Technical Validation

All psycho-educational tests were scored twice by trained research team members and compared. In the case of a discrepancy, a third scorer would review and determine the correct score. Upon curation of the dataset, all scores were reviewed to ensure no data entry errors had occurred. All identifying information from the free response questions in the questionnaires was removed to protect the confidentiality of the participants.

Neuroimaging data was converted from standard DICOM to NIFTI format using dcm2niix version 1.0.20190902. Imaging parameters for the structural and functional images were extracted from the DICOM headers and stored in the json file alongside the imaging data. A few data files (29 functional runs and 4 anatomical runs, indicated in the readme.txt) were converted from DICOM to NIFTI using SPM8, because the original DICOM images were lost. Therefore, we manually created json files for these 33 runs. These manually created json files only contained parameters that were consistent across runs of the same type that were converted using dcm2niix. Because slice timing is not consistent across runs, we manually created the slice timing for the 29 functional runs by averaging the slice timing extracted from the other functional runs that were converted by dcm2niix of the same type. We documented these 33 runs in the readme.txt file included in the dataset.

Functional T2-weighted images were reoriented to the anterior commissure using Statistical Parametric Mapping (SPM12, https://www.fil.ion.ucl.ac.uk/spm/software/spm12/). All images were evaluated for movement due to the high likelihood of in-scanner movement in pediatric populations. Within each run, volumes that had a greater than 1.5 mm volume-to-volume motion, or global signal intensity deviation greater than 4% were marked as bad volumes using the ArtRepair toolbox 4.0³⁴. The in-scanner behavioral data were converted from raw E-prime data files to text files and then information for each trial in each run was extracted for each subject and saved as tab separated values using python in the < task name > _events.tsv files. For ease of screening data for future researchers, we reported the movement evaluation as well as the averaged behavioral performance for each condition for each run at each session in tabular data files and stored that information in the derivatives/func_mv_acc_rt folder. Each tabular file (i.e., mv_acc_func_ses-5.tsv, mv_acc_func_ses-7.tsv, mv_acc_func_ses-9.tsv) includes the participant id, run name, number of bad volumes, number of chunks having more than 6 consecutive bad volumes identified using ArtRepair, shifted acquisition date, calculated accuracy, and calculated average RT of correct responses for each condition. Before calculating the averaged RT for each condition, we calculated the mean and the standard deviation of all correct trials across conditions within a run and then excluded trials with RTs that exceeded 3 standard deviations and trials with RTs that were less than 250 ms. The header variables in these tabular files are further described in the accompanying data dictionary, i.e., mv_acc_func.json. In addition, the approach used in calculating the accuracy and RT for each task is documented in the Acc_RT_Calculation.doc file within the derivatives/func_mv_acc_rt folder.

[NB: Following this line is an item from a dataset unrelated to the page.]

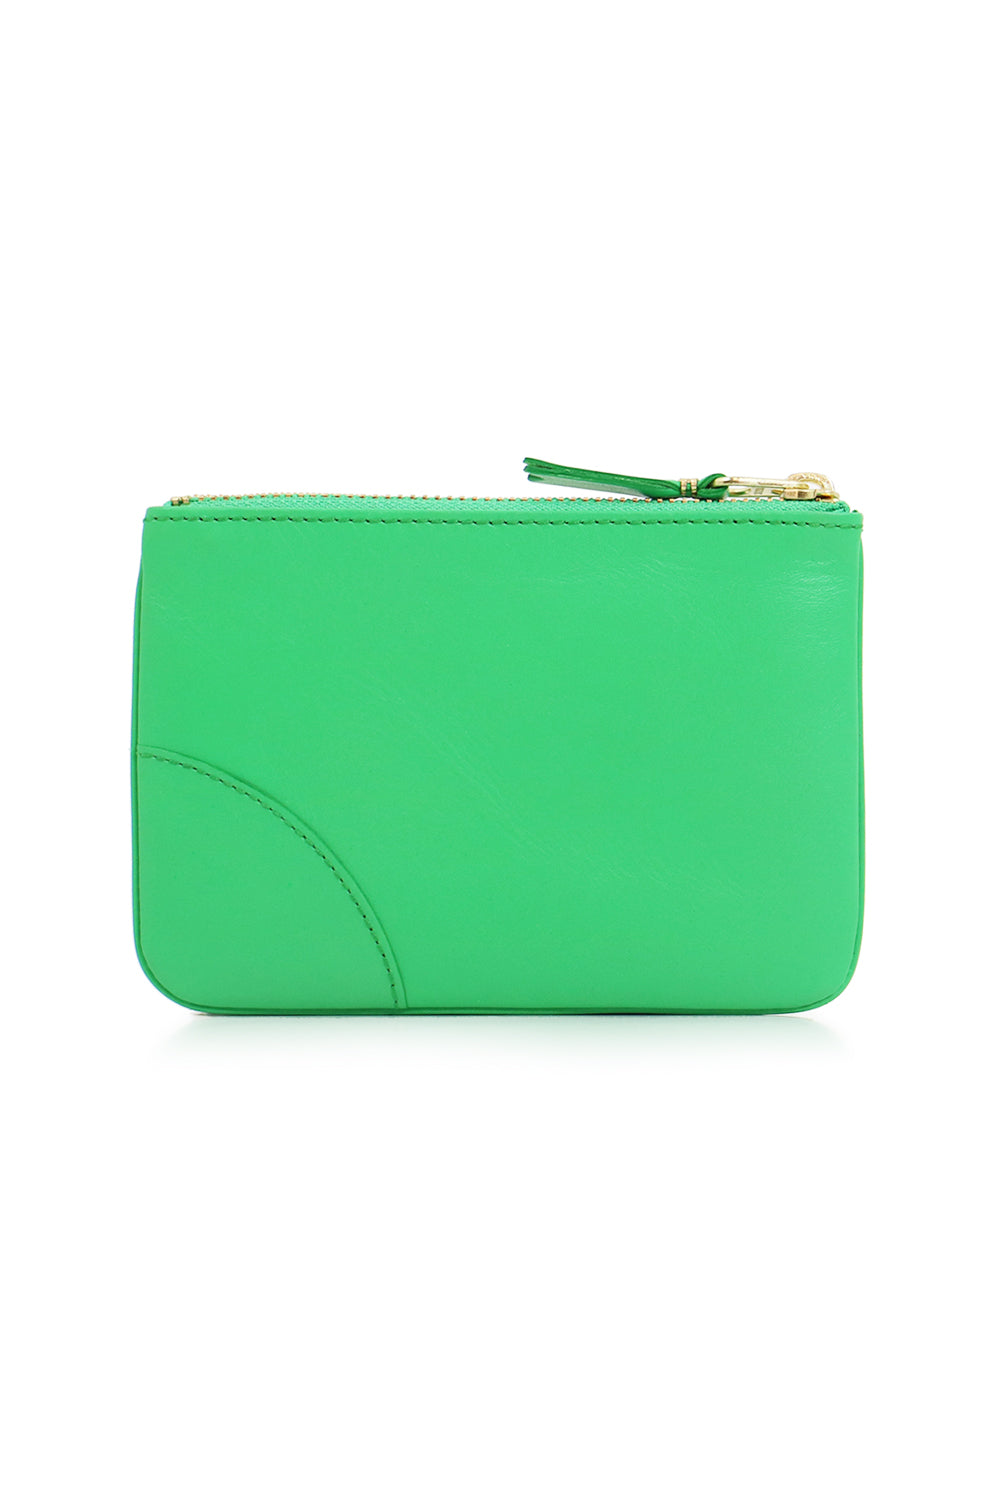 COMME DES GARCONS SMALL CLASSIC LEATHER POUCH GREEN – Parlour X
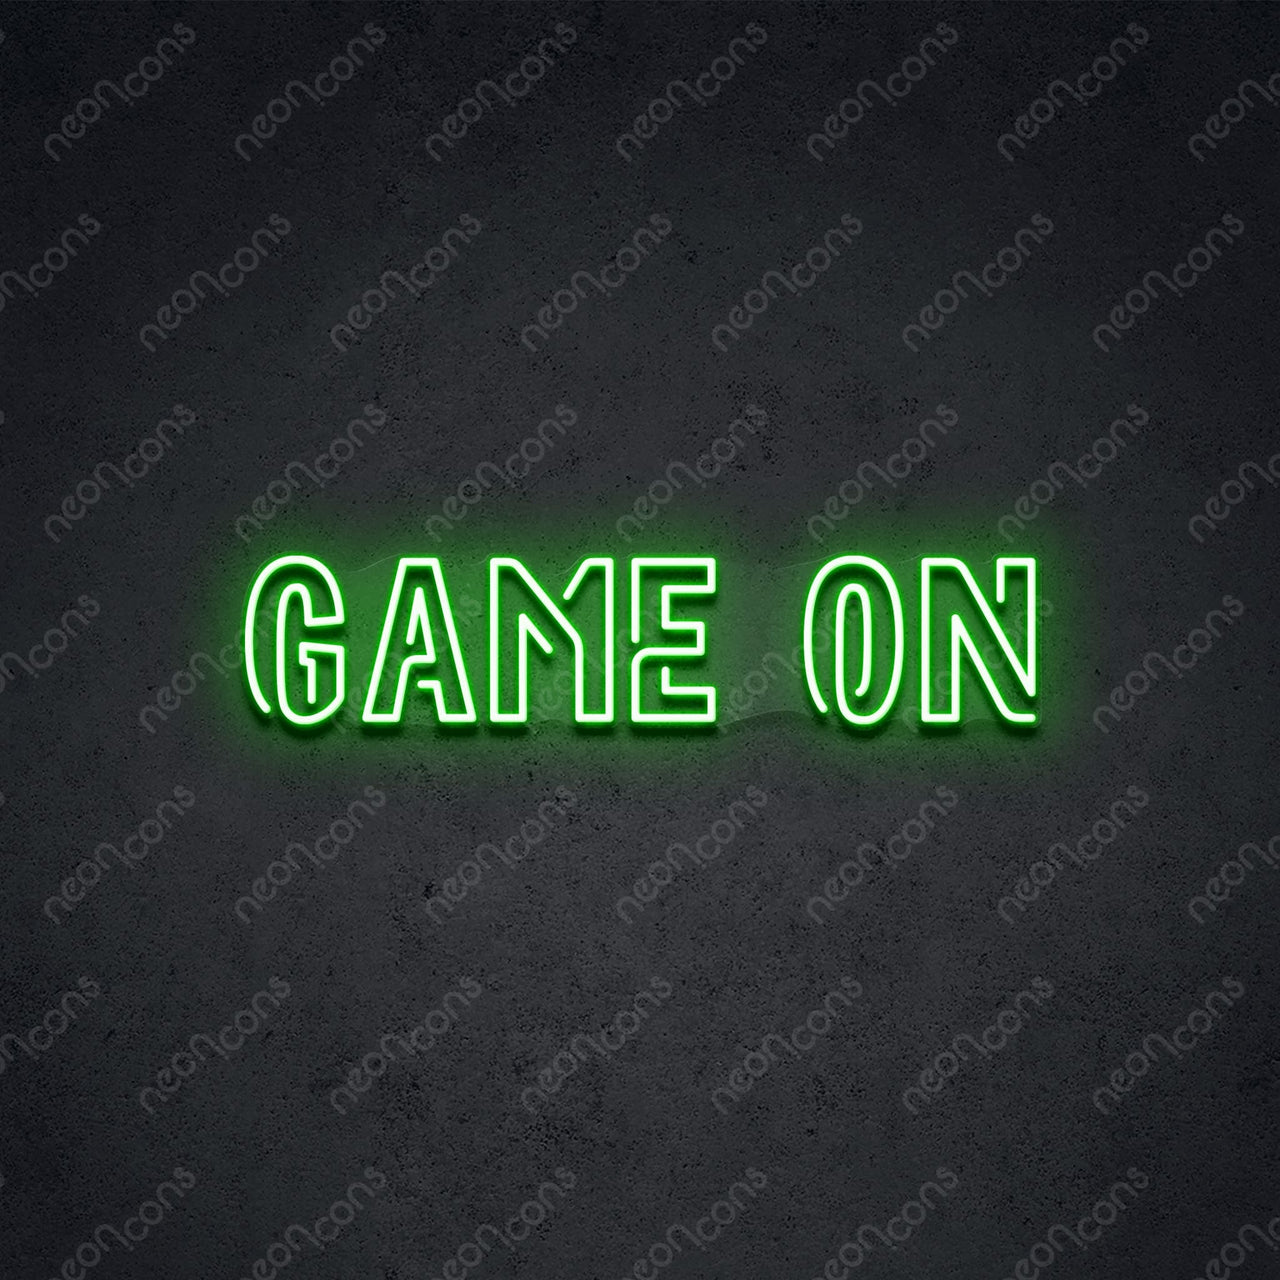 "Game On" Neon Sign 2ft x 0.55ft / Green / LED Neon by Neon Icons

Facial features were scrubbed from all T1-weighted images by running pydeface (https://github.com/poldracklab/pydeface). Pediatric templates created using the CerebroMatic toolbox³⁵ were substituted for the pydeface default template due to the young age of participants in the dataset. The default face mask was also replaced with warped face masks, which fit the pediatric templates. Visual inspection confirmed that all facial features were completely removed, and no part of the brain image was cut.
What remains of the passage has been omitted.